In [1]:
import random
random.seed(42)
%load_ext autoreload
%autoreload 2

import torch
import torch.nn as nn
import numpy as np
import pytorch_lightning as pl
from torch.nn import functional as F
from torch.utils.data import DataLoader
import torch.optim as optim
from torch.autograd import Variable as V
import torchtext
from torchtext import data



## Neural Language Models(NLMs)

Neural Language models are continuous probability models which approaches the same problem that statistical models tackled from a different perpective. And this approach has consistently beaten the benchmarks set by statistical models, both in the LM itself, as well as the downstream tasks. 

>A fundamental problem that makes statistical language modelling difficult is the curse of dimensionality. If one wants to model the joint distribution of 10 consecutive words in a natural language with a vocabulary of V of size 100000, there are potentially $100000^{10} - 1 = 10^{50}-1$ free parameters.

>When modeling continuous variables, we obtain generalization more easily (e.g. with smooth classes of functions like multi-layer neural networks or Gaussian mixture models) because the function to be learned can be expected to have some local smoothness properties.  - [Bengio et.al. 2003](https://www.jmlr.org/papers/volume3/bengio03a/bengio03a.pdf)

All the Smoothing and Backoff techniques we have seen earlier is to overcome this shortcoming with a few crutches. Bengio et.al. continues to propose two key points of improvements over the Statistical LMs:
- Trigram or Fourgram models were the SOTA at that point. But even there, we resort to all kinds of techniques like Kneser-Ney or Witten-Bell Smoothing to leverage the information from preceeding words from the context.
- Statistical LMs also do not consider semantic similarity between two words. _"A cat is walking in a bedroom"_ is different from _"A dog is walking in a room"_ because the LM doesn't know that cat and dog are similar, or room and bedroom are similar.


The neural network approach to language modeling can be described using the three following model properties:

>- Associate each word in the vocabulary with a distributed word feature vector.
>- Express the joint probability function of word sequences in terms of the feature vectors of these words in the sequence.
>- Learn simultaneously the word feature vector and the parameters of the probability function. 

> [Bengio et.al. 2003](https://www.jmlr.org/papers/volume3/bengio03a/bengio03a.pdf)

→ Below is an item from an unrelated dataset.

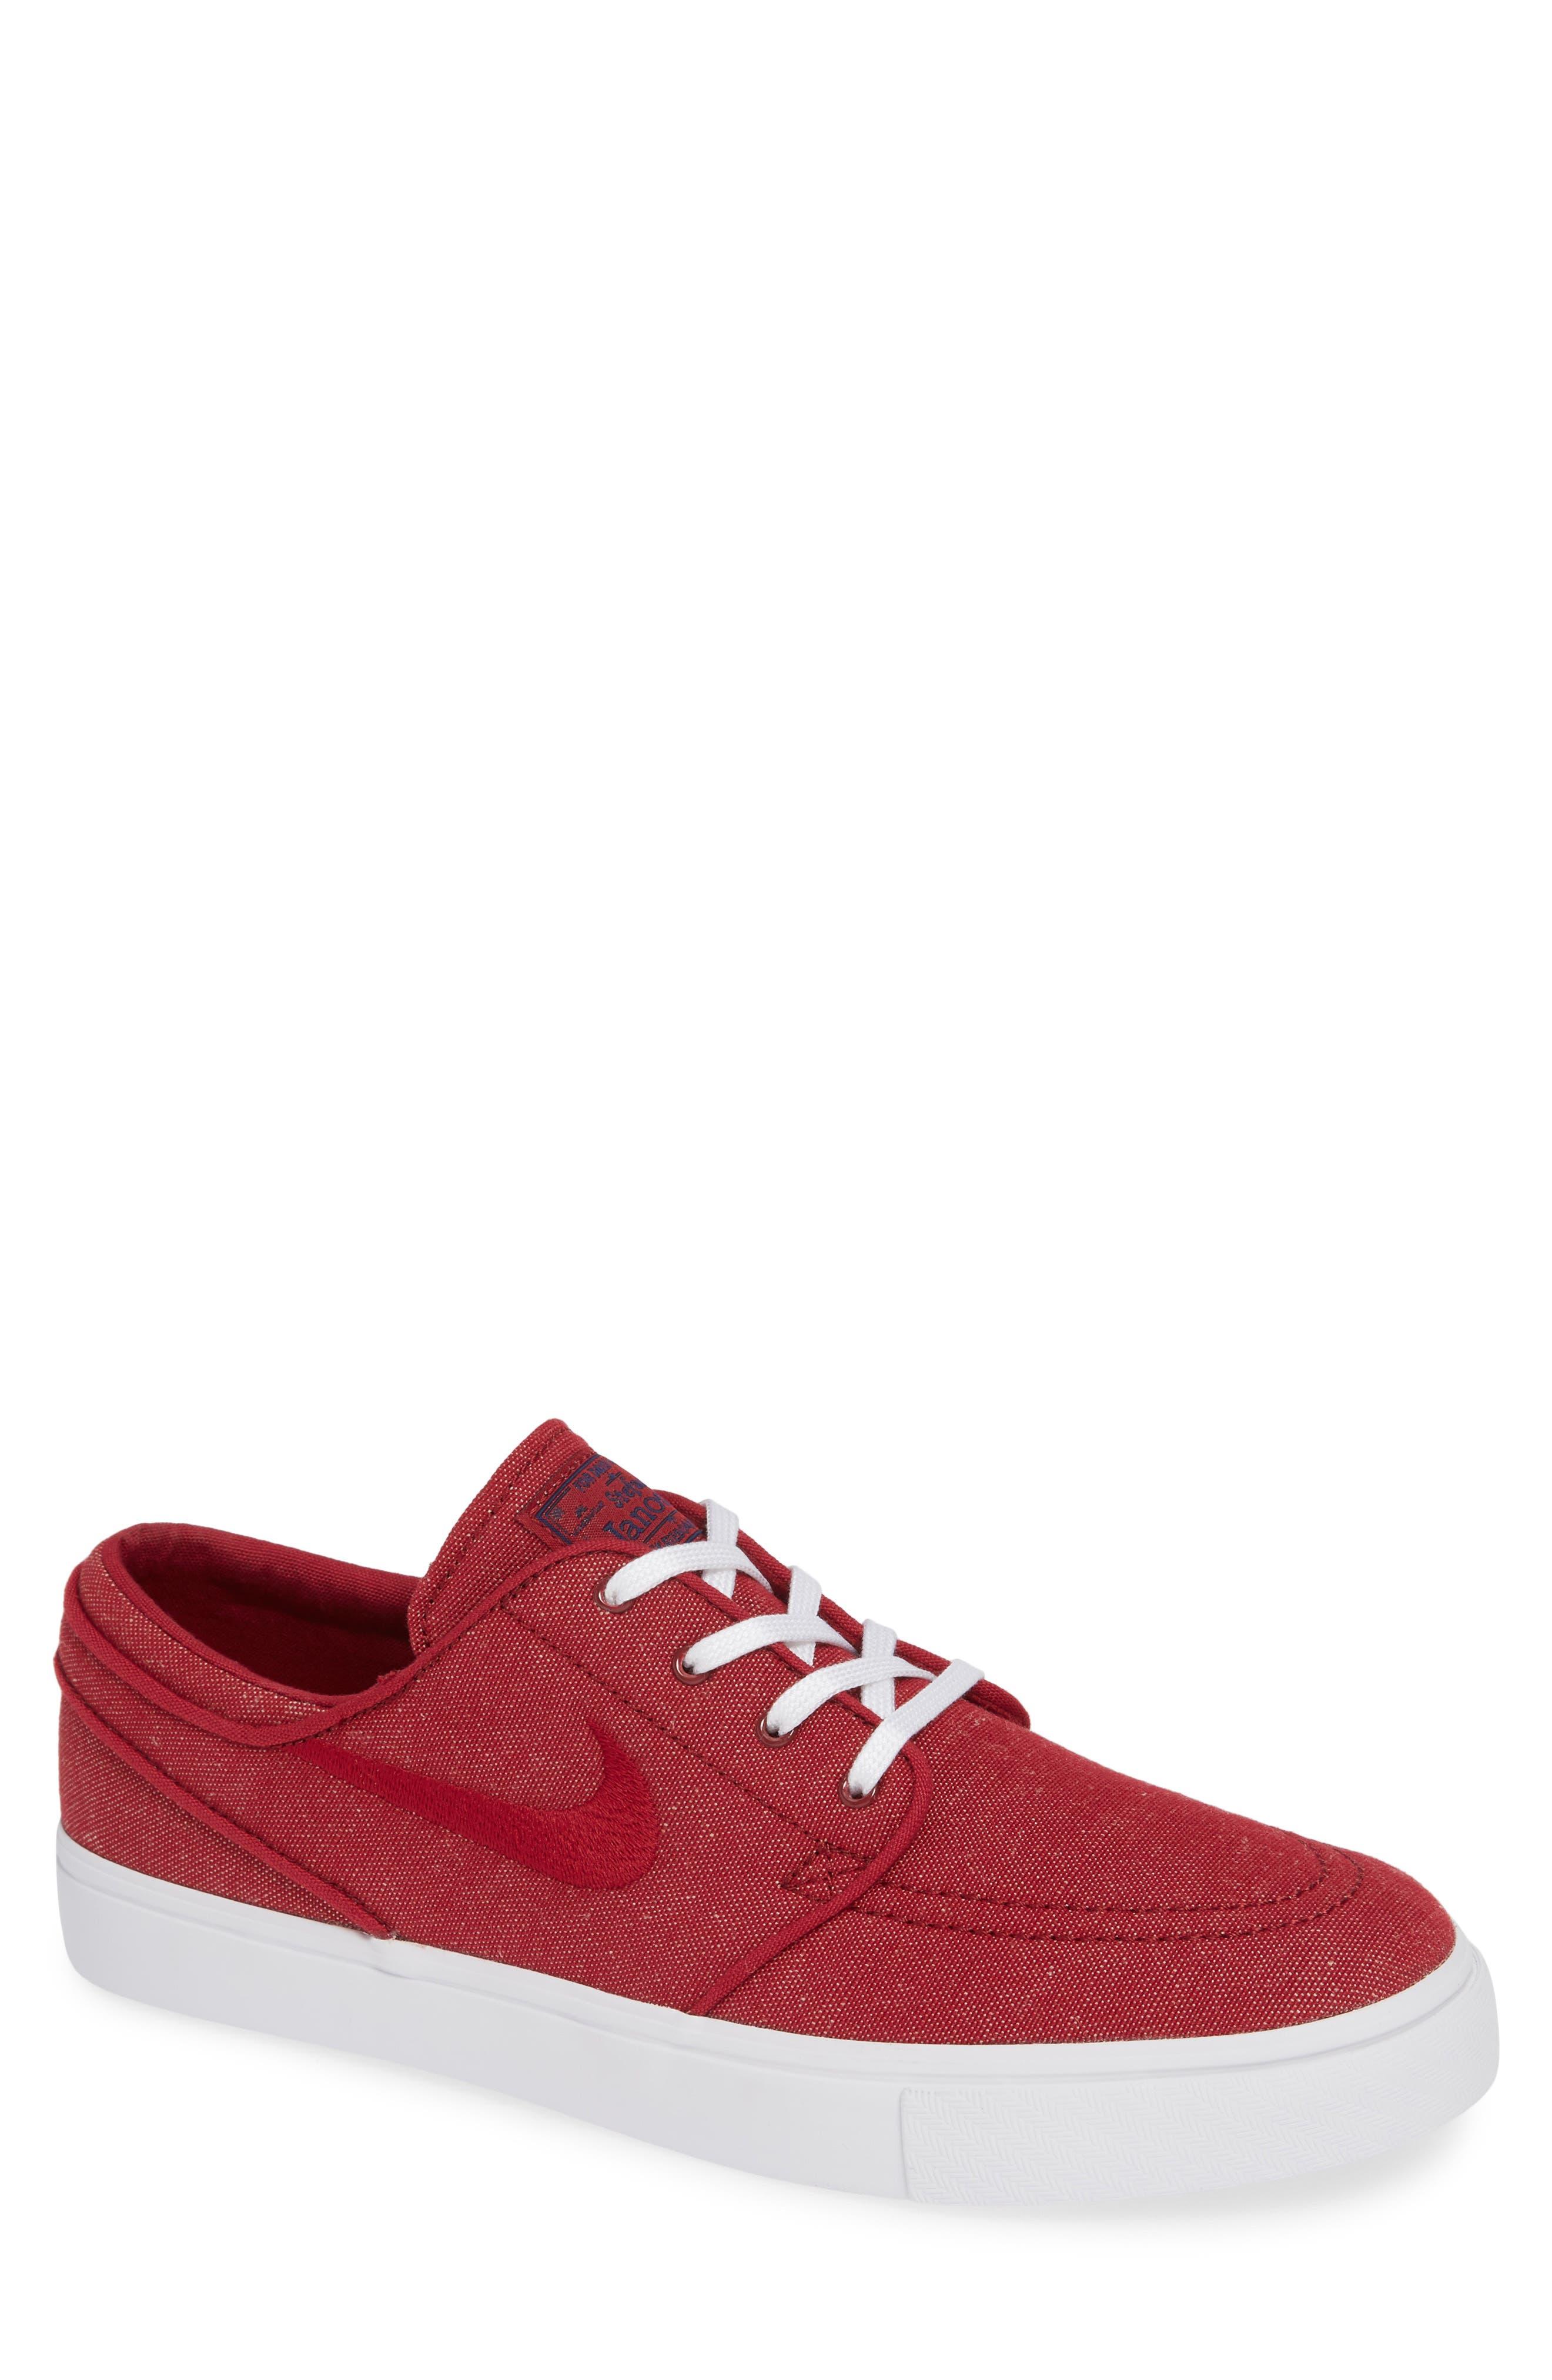 Zoom - Stefan Janoski SB Canvas Skate Shoe,                         Main,                         color, Red Crush/ White

Let's pick the same dataset we were working with and train some Neural models. I have preprocessed the QuotesDB, split into Train, Val and Test, and saved into txt file. And learning from the previous models, have slightly refined the cleaning process where we now replace contractions with full versions and insert spaces between punctuations and words. _(Accompanying code can be found in Appendix-quotes_to_txt.ipynb)_

We will be sticking with PyTorch and the transformers library from huggingface for thr remainder of exercise. And for making things easier, we are going to be using PyTorch Lightning, which is an abstraction over pure PyTorch, hiding away the boilerplate code we have to write for training a model. And it also takes up the tedious job of making the training work on GPUs, multi-GPUs etc. seamlessly. the only ting it asks in return is that you structure your code in a specific way. And that specific way is pretty much the way we usually write code.

## Pytorch Lightning
PyTorch Lightning is an attempt at standardizing PyTorch code, abstract away boilerplate code other slightly technical training aspects like distributed training, mixed precision training, multi-GPU training, etc so that researchers can focus on what they do best and accelerate the research cycle. It also acts as a standard for production systems which makes the code less prone to errors and structured.

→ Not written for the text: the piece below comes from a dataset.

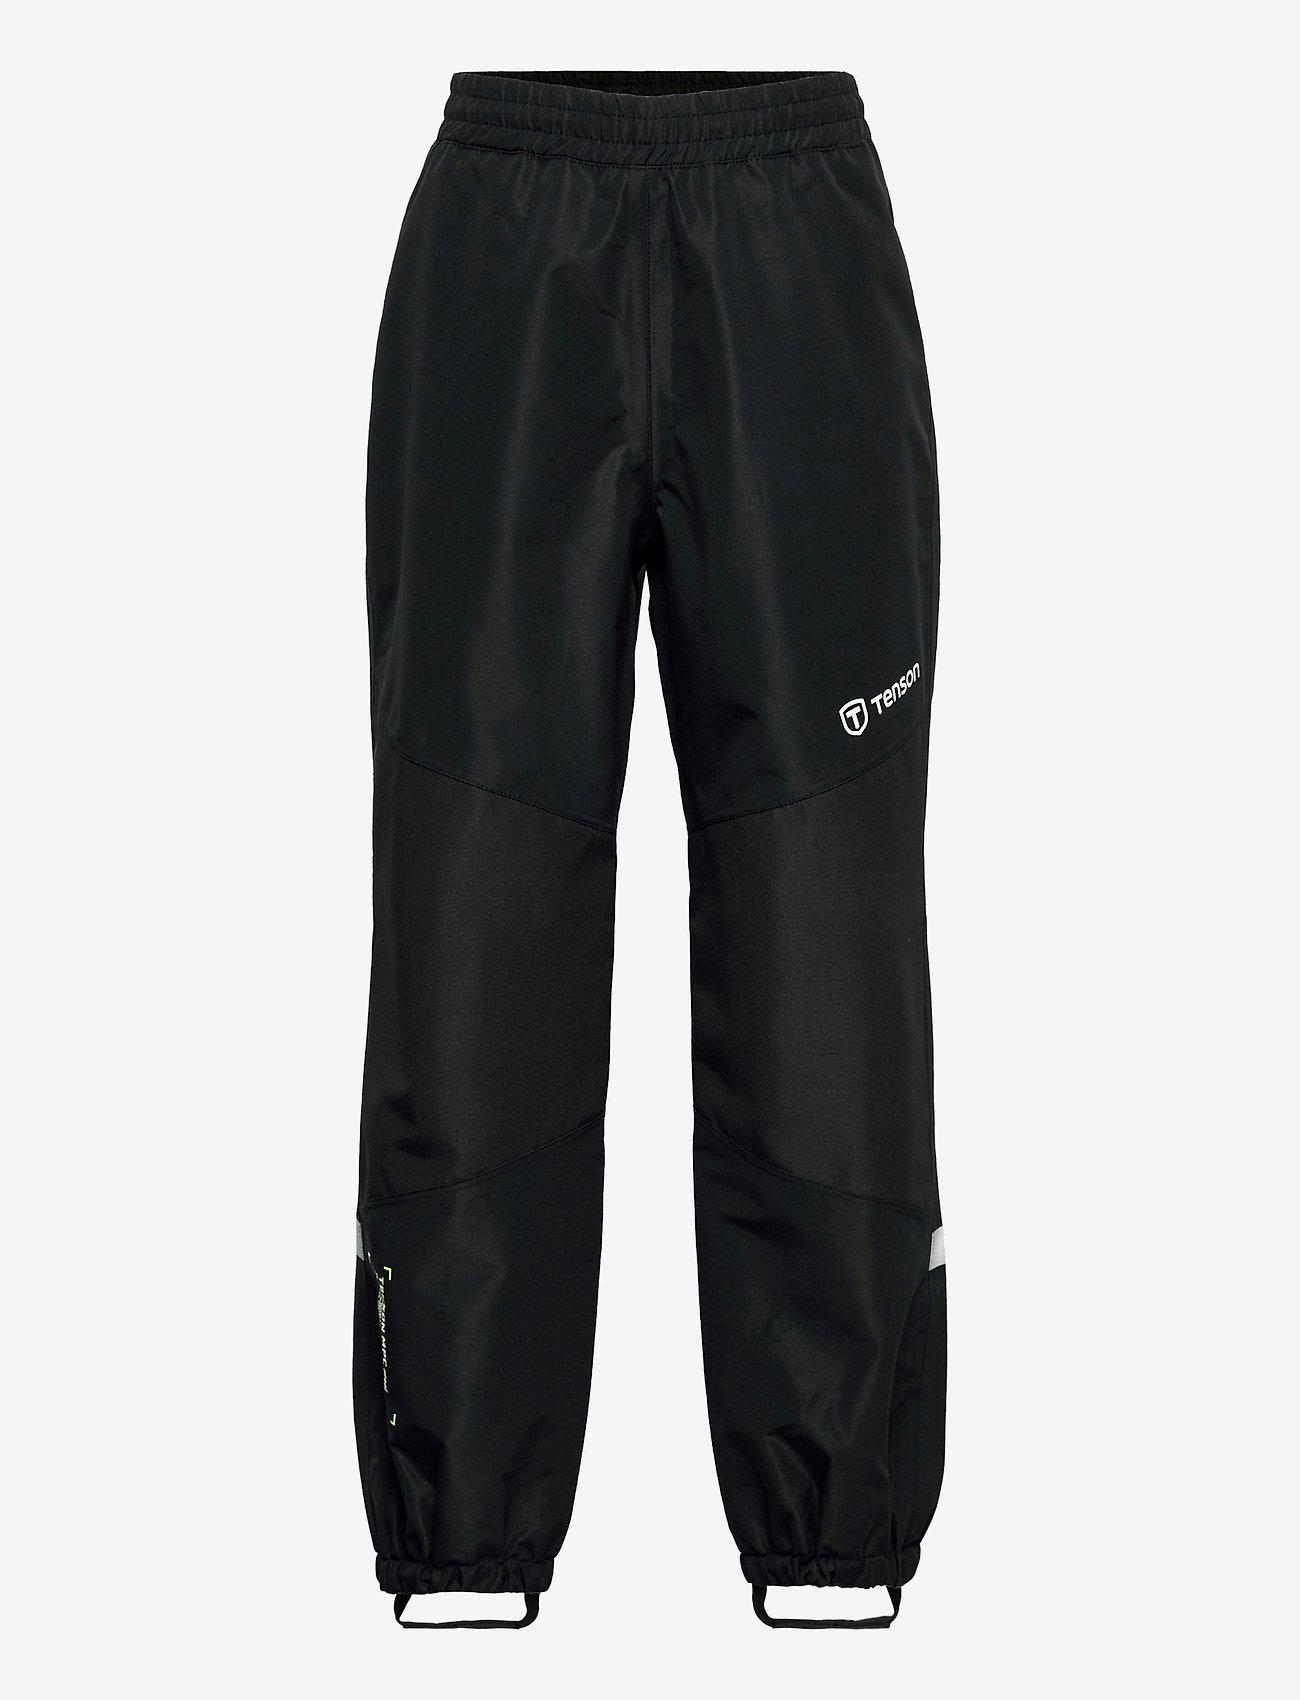 Tenson - Shore pants jr - shell- & regenbroeken - black - 0

Below is a diagram from a [medium post](https://towardsdatascience.com/supercharge-your-ai-research-with-pytorch-lightning-337948a99eec) by the author of the library. It shows what parts of the whole cycle have been automated by Pytorch Lightning.

![](images/lightning.jpeg)

The boxes in Blue are the boxes we need to fill in with our code, and the rest of them are taken care by the framework. If you have written PyTorch code before, porting to PyTorch Lightning is really easy. I strongly advise you to check out [this link](https://towardsdatascience.com/from-pytorch-to-pytorch-lightning-a-gentle-introduction-b371b7caaf09) to get an overview of what it can do.

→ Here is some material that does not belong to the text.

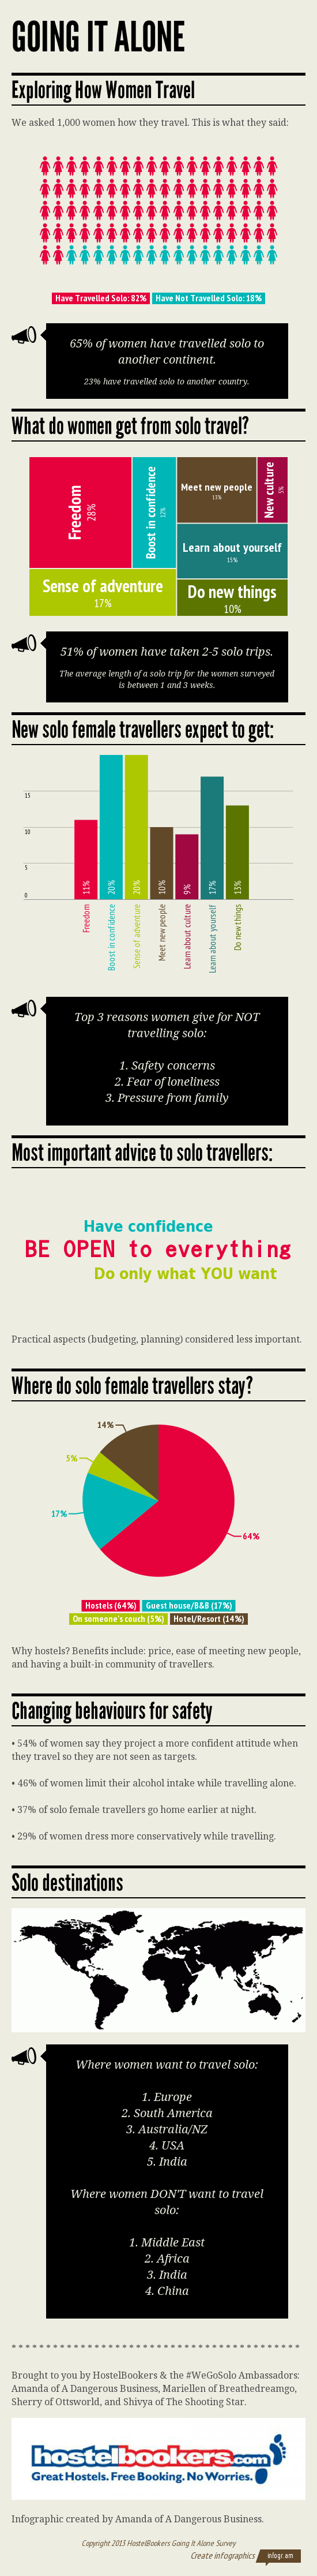 women travelling solo, women travelling alone, solo female travel

There is one mandatory requirement and an optional and recommended requirement from Pytorch Lightning:
1. (Mandatory) We should be defining our model inheriting LightningModule and not nn.Module. And in this class, we add the training, validation and test steps overriding predefined methods.
2. (Optional) We should organize all our data processing and loading to a class inheriting DataModule. This has everything related to data(downloading, loading, splitting, tokenization, batching, etc.).

So, let's define our DataModule first.

### DataModule

> A datamodule encapsulates the five steps involved in data processing
> in PyTorch:
> 
> Download / tokenize / process.
> 
> Clean and (maybe) save to disk.
> 
> Load inside Dataset.
> 
> Apply transforms (rotate, tokenize, etc…).
> 
> Wrap inside a DataLoader. 

> To define a DataModule define 5 methods:
> 
> -   prepare_data (how to download(), tokenize, etc…)
>     
> -   setup (how to split, etc…)
>     
> -   train_dataloader
>     
> -   val_dataloader(s)
>     
> -   test_dataloader(s)

_- PyTorch Lightning Docs_

_**N.B.**_ - To use DataModules, you should _**pip install pytorch-lightning==0.9.0rc2**_

A simplified DataModule is below, but we are going to use the fullblown one after importing. Some of it like the BPTTIterator, you might not get it now. But I'll explain it when we talk about LSTMs.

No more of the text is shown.